There is a difference between being suspicious and acknowledging what is true. And the truth is that we are all sinners that battle sin constantly. Remember, the apostle Paul wrote Romans 7:15-25 after Jesus saved him. Jeremiah makes it clear that our hearts are deceitful above all things and desparately wicked (Jer. 17:9). Proverbs 22:15 makes it clear that foolisness is bound up in the heart of a child. Accountablity and hedges are necessary and beneficial. Insisting on accountability for ourselves and our children is neither untrusting nor unloving; it is actually very loving and it is walking in the truth. Your children should know that you need the same hedges and accountability as they. We are all in this together.
So what is your plan of accountability with those great but potentially destructive gadgets like cell phones and internet activity? What is your plan of accountability for your time and the time of your children in regards to time with the opposite sex (or these days, same sex)? What is your plan of accountability for those business trips, movies, or TV viewing?
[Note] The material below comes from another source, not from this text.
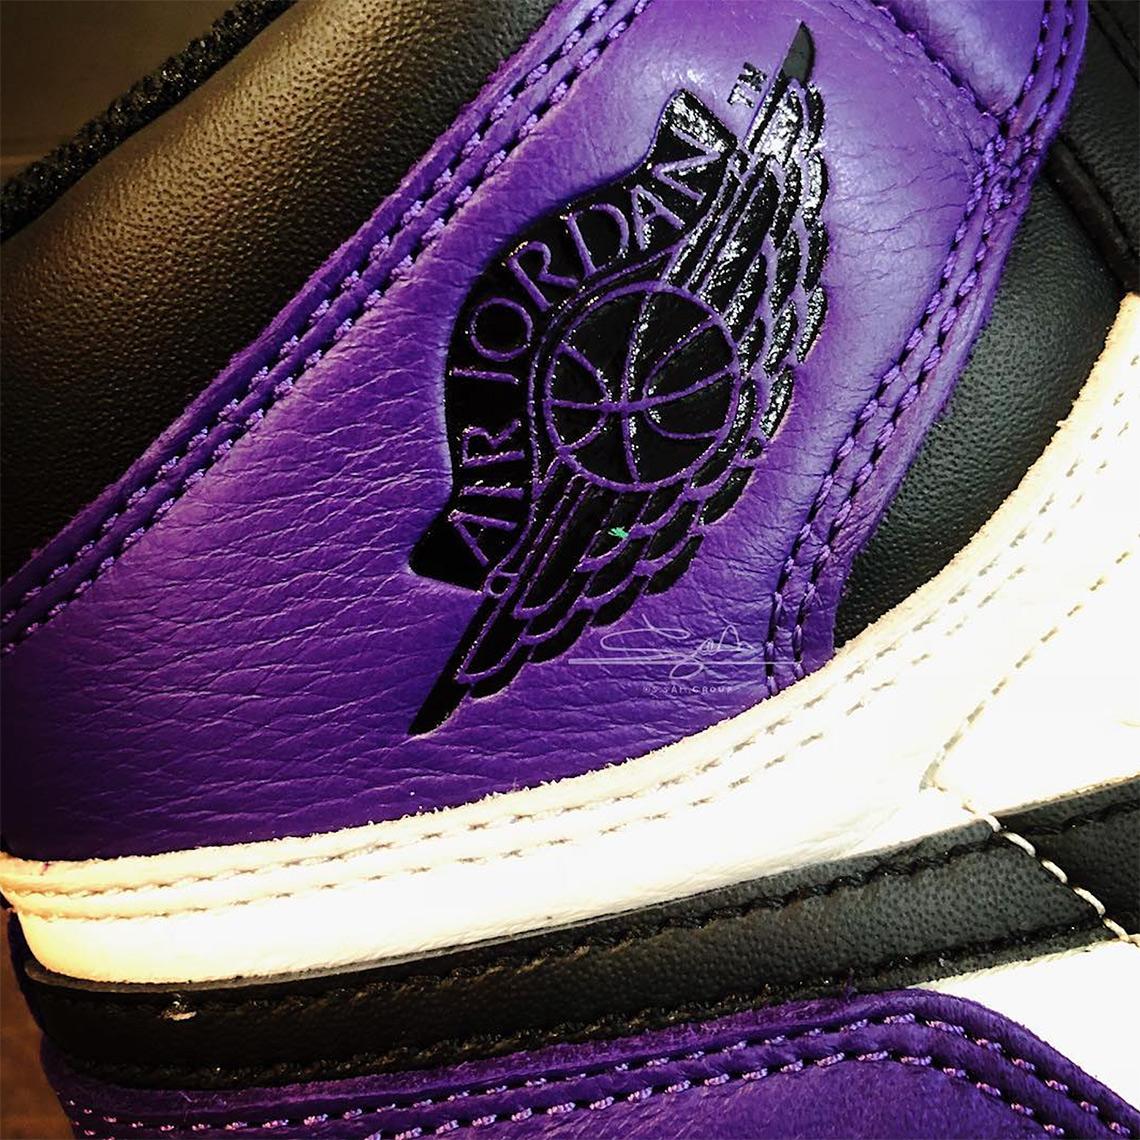 38d03a2ec7f1ad Air Jordan 1 Retro High OG Court Purple Release 555088-501 Info ...
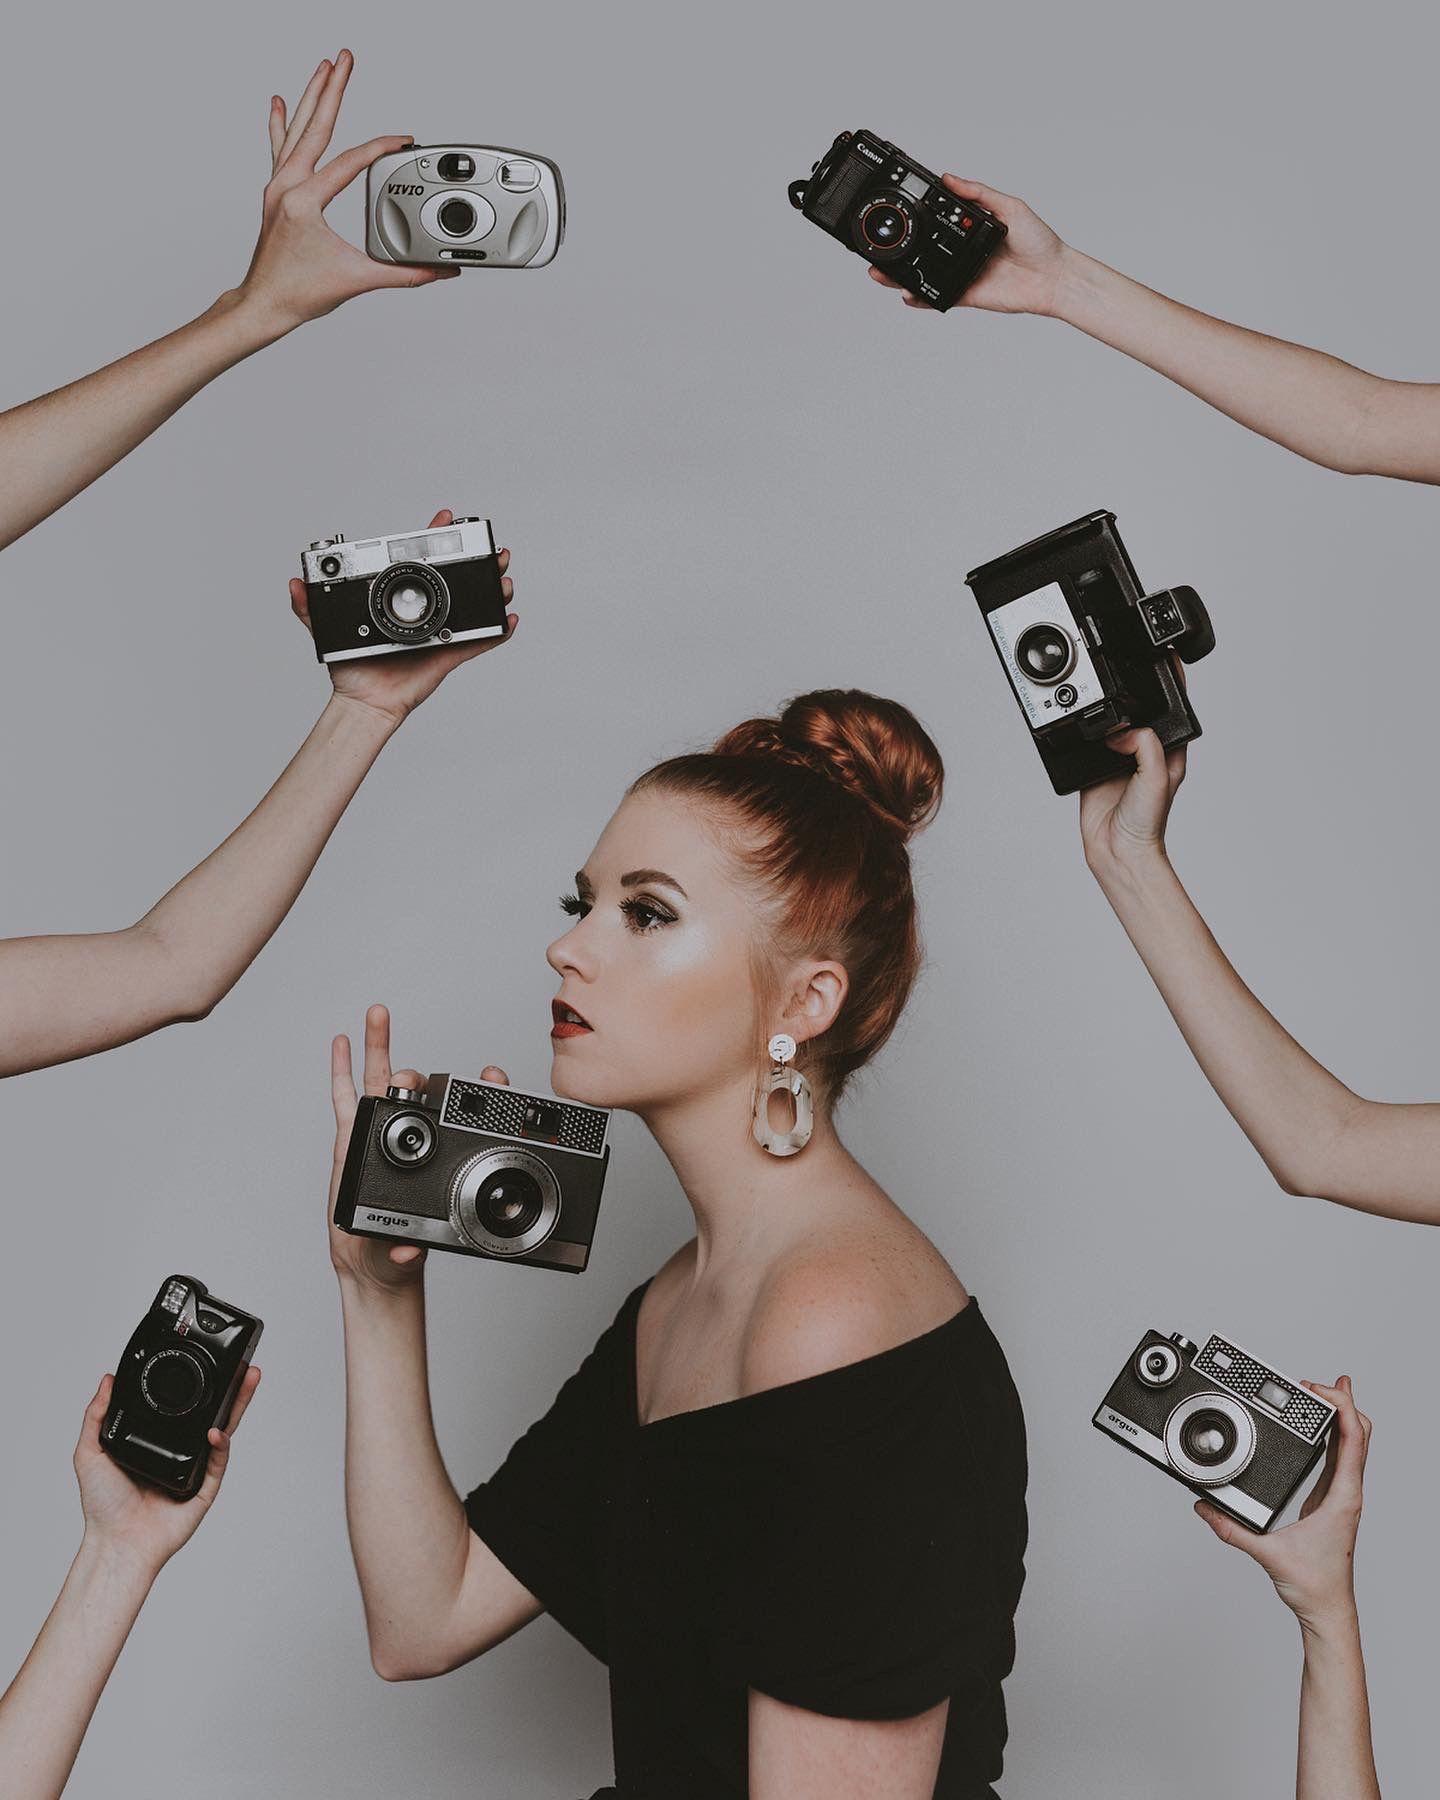 Camera Hands Photoshoot Marina Williams Portrait Photography Poses Photography Inspiration Creative Expressions Photography

Consider the following Biblical principles Dr. Jackson mentioned and discuss how you might apply them to the hedges you are buiding up as individuals and families.
How can you guard your heart, eyes, minds?
How can you avoid the appearance of evil?
In what ways do you need to flee sexual immorality?
How are you "one step away from stupid?"
What are potential "bad locations" for you to put yourself in?
What are your primary "bad companions" throughout the day that can corrupt your morals?
Our prayer is that more and more conversations are being stirred up within our church family regarding the dangers that are in our face and regarding ways that we might combat them. And while there is no perfect plan, remember that if we aim at nothing, then we will hit it every time. And actually, in regards to sexual sin, with no aims we will be hit hard ourselves. Keep in mind also that our hearts struggle and that we will never be struggle-free until Glory. But until then we fight the good fight of faith, and we shout out with the aposte Paul,
"Who will rescue me from this body of sin and death? I thank God through Jesus Christ our Lord!"